I dropped my finger.

‘May I remind you, this is my one and only weekend away with my book club and you had to come and piss on it. You are here on my sufferance and if you hadn’t had another one of your incidents . . .’

‘Mother,’ I said, ‘I’ve not just wet myself. I’m sure I will cope.’

‘And yet you so rarely do.’

‘How hard can your book club be? You’ve read Gone Girl three times in a year.’

‘That is not the point. We are a serious literary group.’

‘Old detective novels and a few slightly titillating thrillers you relate to because the characters drink too much really doesn’t constitute a serious literary group.’

She pursed her lips with her usual motherly contempt. ‘If you hadn’t been doing your girl-in-the-attic routine again, I would be winging my way here without my self-absorbed child.’

‘I’m twenty-five!’

‘And yet you act like a teenager and dress like a pensioner.’

I turned to look at the side of her face. ‘Oh, so we’re doing the analysis thing again, are we? Can you just stop trying to fix me like I’m a leaky tap or something?’

The Look.

Mother’s side-line is trying to remake me in the way she might deal with an untidy bed, giving it hospital corners, clean fresh sheets every day and the fake sweet scent of lavender. My refusal of this sanitized treatment only angers her even more; my attempts to explain that there should be layers, stripes of life and sediment, are always met with her dismissal of the idea as just an excuse for dirt.

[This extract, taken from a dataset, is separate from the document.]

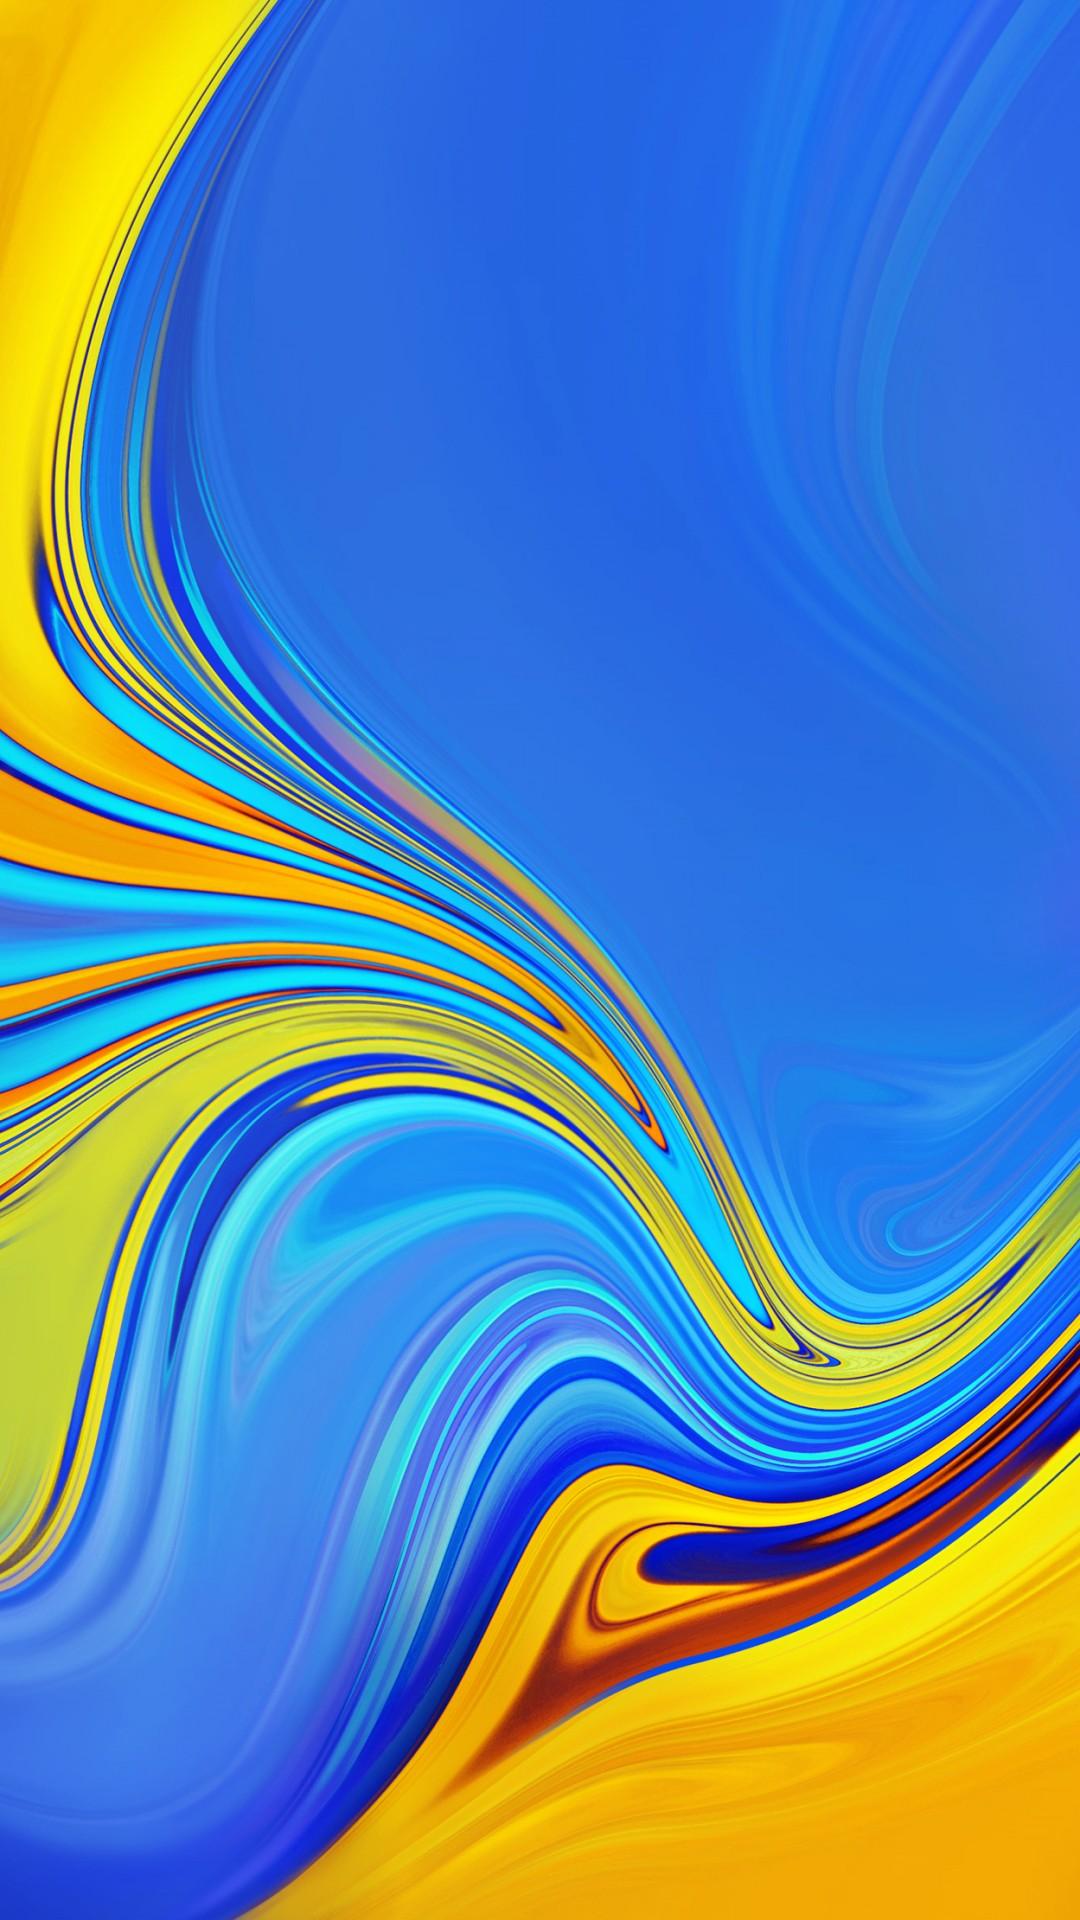 Wallpaper Samsung Galaxy A9 Samsung Galaxy A7 Android 80 1080x1920

‘And,’ I added, ‘you did the “locking me in the attic” routine, as you so beautifully style it. Which is just shit parenting rather than Gothic fiction.’

‘That was because of the incidents after . . . your father left.’

Her foot slowly ground down into the accelerator as if it were someone’s throat. Whose is not important right now.

Mother and I have always had a very healthy relationship, full of banter and playful repartee. We have always been so close, ever since Dad’s death.

Dad was God, in case you were wondering. Until he died, of course. And no, he wasn’t murdered. Just a common or garden death.

I was thirteen when he died and Mother immediately sent me to boarding school. In fact, she ploughed much of the life insurance into my new school and spent most holidays at the bookshop working from dawn till dusk to keep me there. She owns an antiquarian bookshop in Kew and somehow resisted the temptation to call it Pandora’s Box. She’s Pandora and I’m Ursula, Ursula Smart. She never considered Ursula’s Box, that’s just not a thing. That, and the fact we’re not really called Ursula and Pandora Smart. Those are the pseudonyms I chose for us. My real name is another misdemeanour I set firmly at my mother’s door.

I looked out of the greasy car window. We’d arrived at Ambergris Towers. The vast carved façade of tombstone granite loomed down in disapproval. As with every journey I ever took with Mother, she had begun by telling me not to lean my filthy head against the glass. I’d started this one by posting #BoredWithMother comments on Twitter, and ended here, with my head resolutely against the car window, scrolling through various memes involving matricide.

‘You can put the bloody phone down now,’ Mother snapped. ‘Like a bloody worry bead.’ She opened the door and made one of her characteristic exiting-the-car final comments that don’t allow for any answer before the door shuts. It’s not the most charming of tactics, but it’s effective. ‘You’d think you’d have changed the screen by now.’